Published: 2020-02-21 15:48 | Updated: 2020-03-03 15:25

New thesis about experiences of persons living with neurocognitive disorders

Marie Tyrrell, PhD-student at the Division of Neurogeriatrics. On March 6, 2020 you will defend your thesis:
”VOICES TO REMEMBER: Persons’ and family members’ experiences of living with neurocognitive disorders and related symptoms”,
What's the main focus of the thesis?

Portrait of Marie Tyrrell, PhD-student at NVS.
Marie Tyrrell, PhD-student at NVS.

Neurocognitive disorders, ranging from mild cognitive impairment to dementia, occur across the age span, however, are most common in persons over 65 years. This thesis includes two perspectives: The persons´ experiences of living with cognitive impairment and completing a cognitive assessment, and family members’ experiences of living with a person who has behaviour and psychological symptoms related to dementia.

Which are the most important results?

The results of our studies highlight how few persons were self-referred for a cognitive assessment, they were often encouraged by others to do so. Upon completion of the assessment, not all persons who received a neurocognitive diagnosis were eligible for follow-up care and support. Most persons received a diagnosis of mild cognitive impairment, which was experienced as an abstract and an ambiguous diagnosis. Of the persons who received an Alzheimer’s diagnosis, some felt unprepared for the news and implications it would have on their lives. Completion of the NPI (Cummings et al., 1994) questionnaire (included in all studies) facilitated persons to report the presence of behavioural and psychological symptoms, which were often not previously reported. Some persons, who reported behavioural symptoms, viewed these symptoms as normal responses to a life with cognitive impairment. Family members reported that the person with dementia had on average five to eight co-existing symptoms on the NPI. In some cases, the presence of behavioural and psychological symptoms jeopardised the lives of the persons with dementia and their family members both in real life and on social media.

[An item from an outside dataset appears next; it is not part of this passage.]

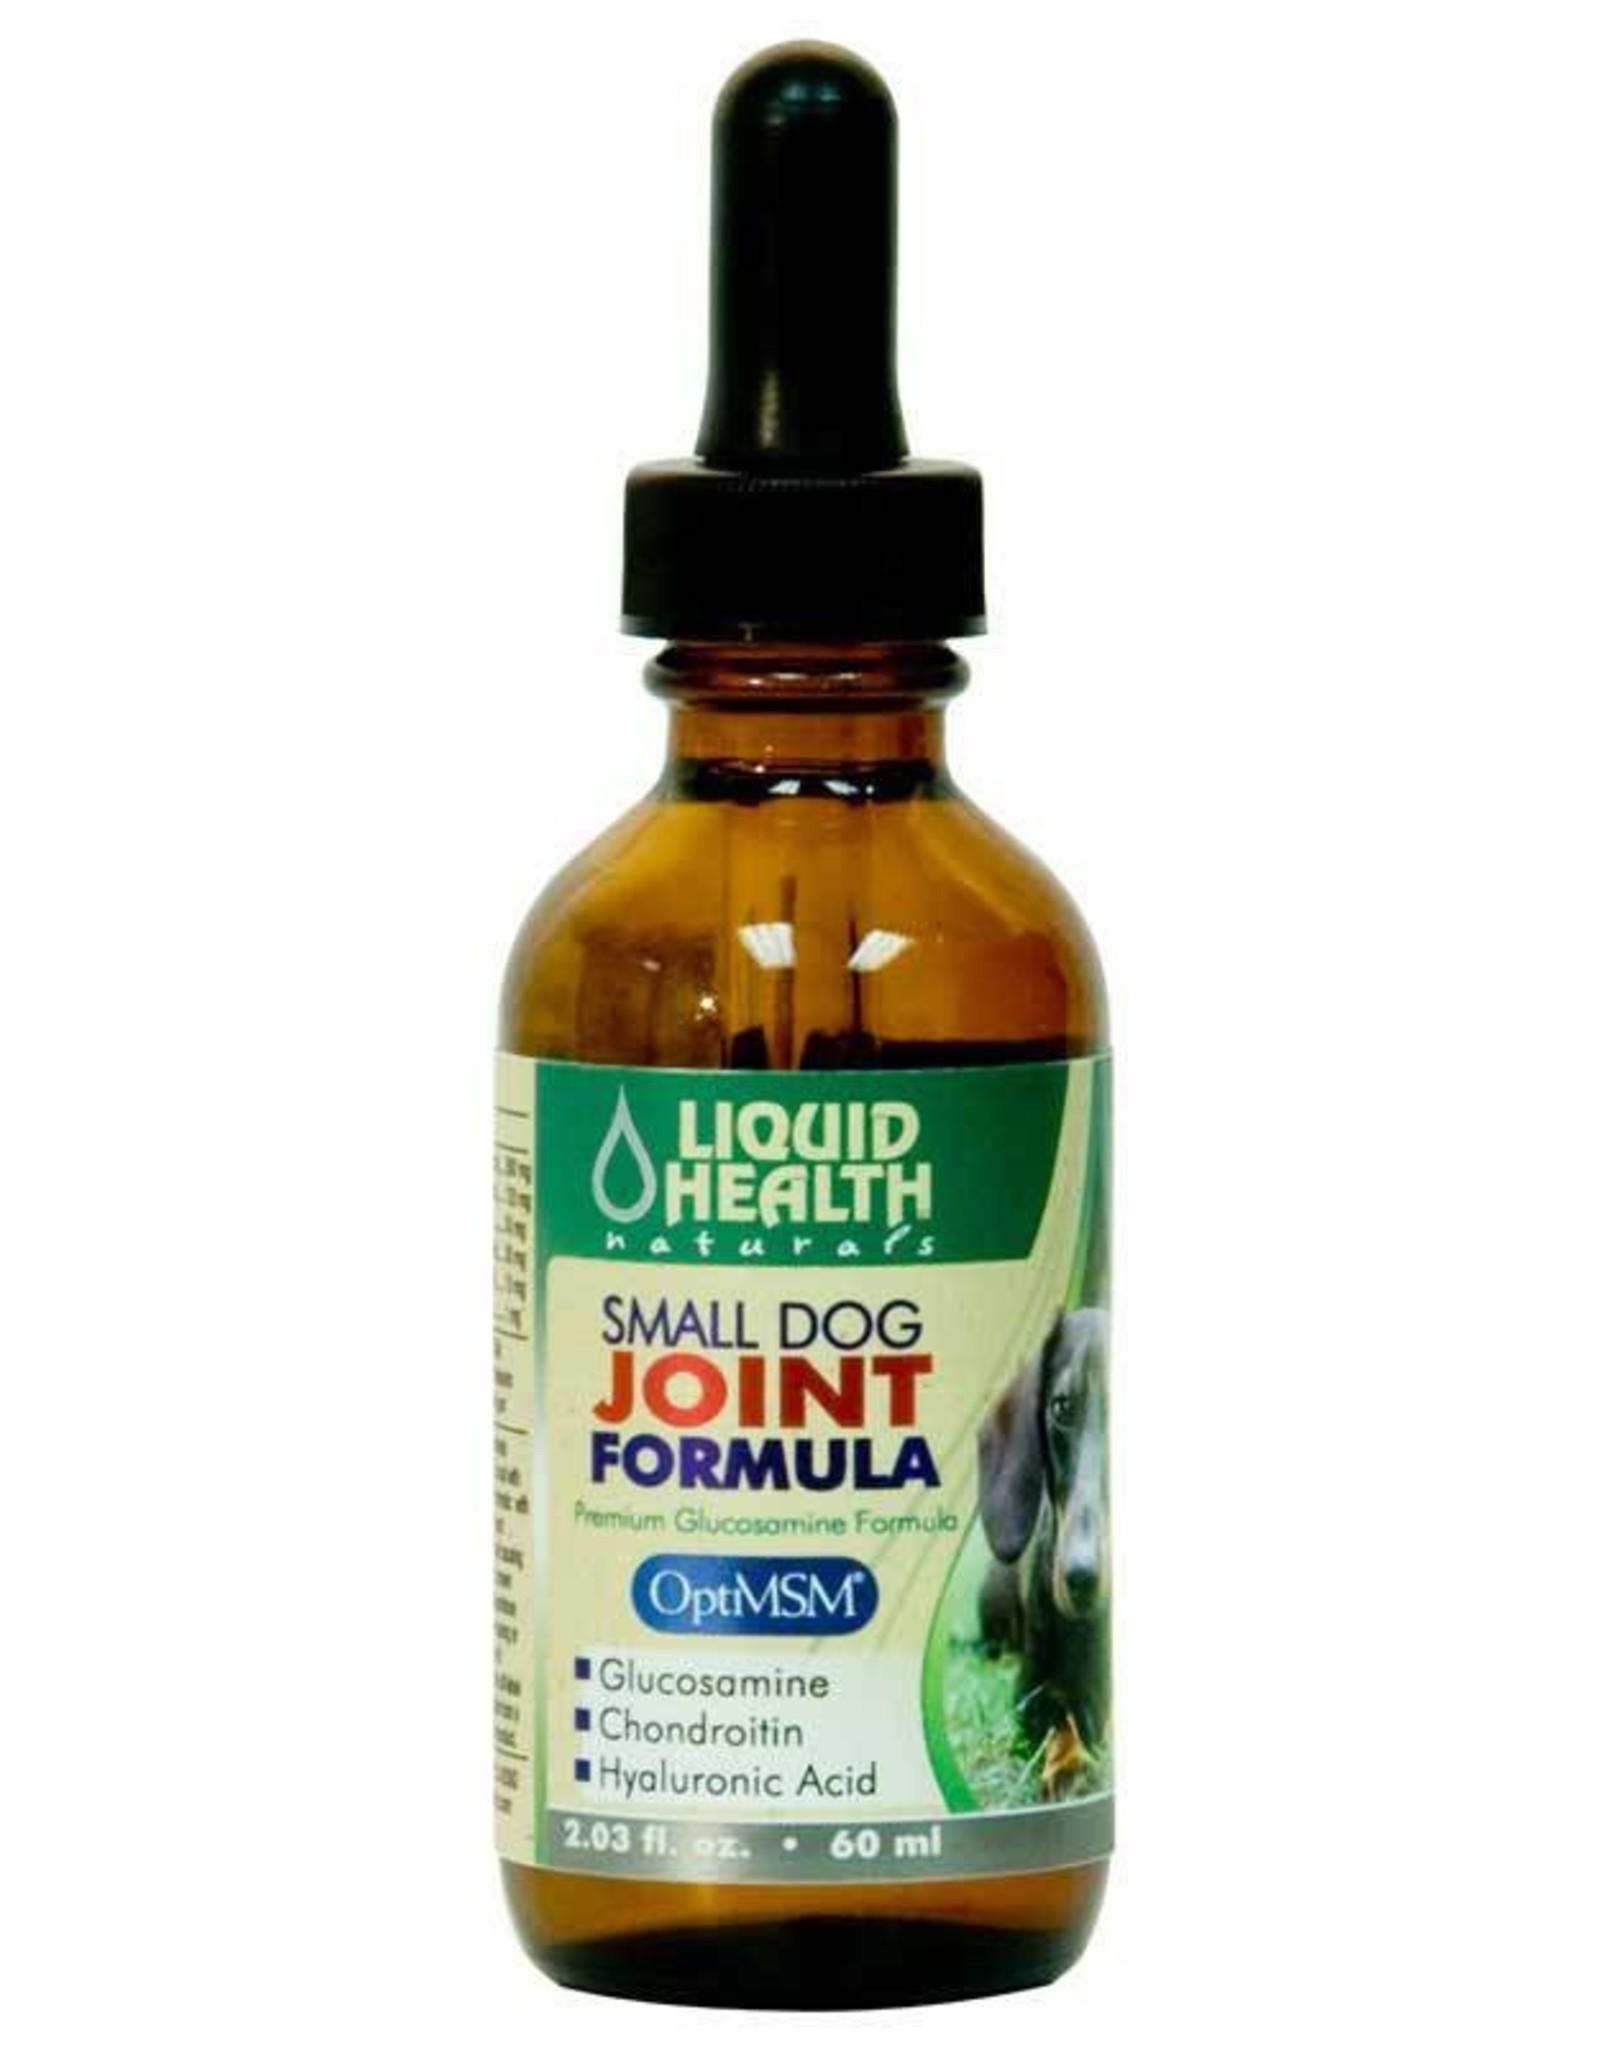 Liquid Health SALE - Liquid Health Small Dog Joint Formula 2oz

How can this new knowledge contribute to the improvement of people’s health?

This doctoral thesis underlines the need for a person-centred approach in the planning of care and support for persons and family members living with neurocognitive disorders and related symptoms. A pre-assessment counselling can help the person prepare for the cognitive assessment process and likelihood of receiving a neurocognitive diagnosis. Incorporating a symptom assessment tool such as the NPI (Cummings et al., 1994), as part of the cognitive assessment can help identify the presence of symptoms which can remain un-detected during the assessment process.  Follow-up care and support should be offered to all persons who receive a neurocognitive diagnosis.

What´s in the future for you? Will you keep on conducting research?

Yes, I will and it would be great if I could through my research assist in improving care and support offered to persons with neurocognitive disorders.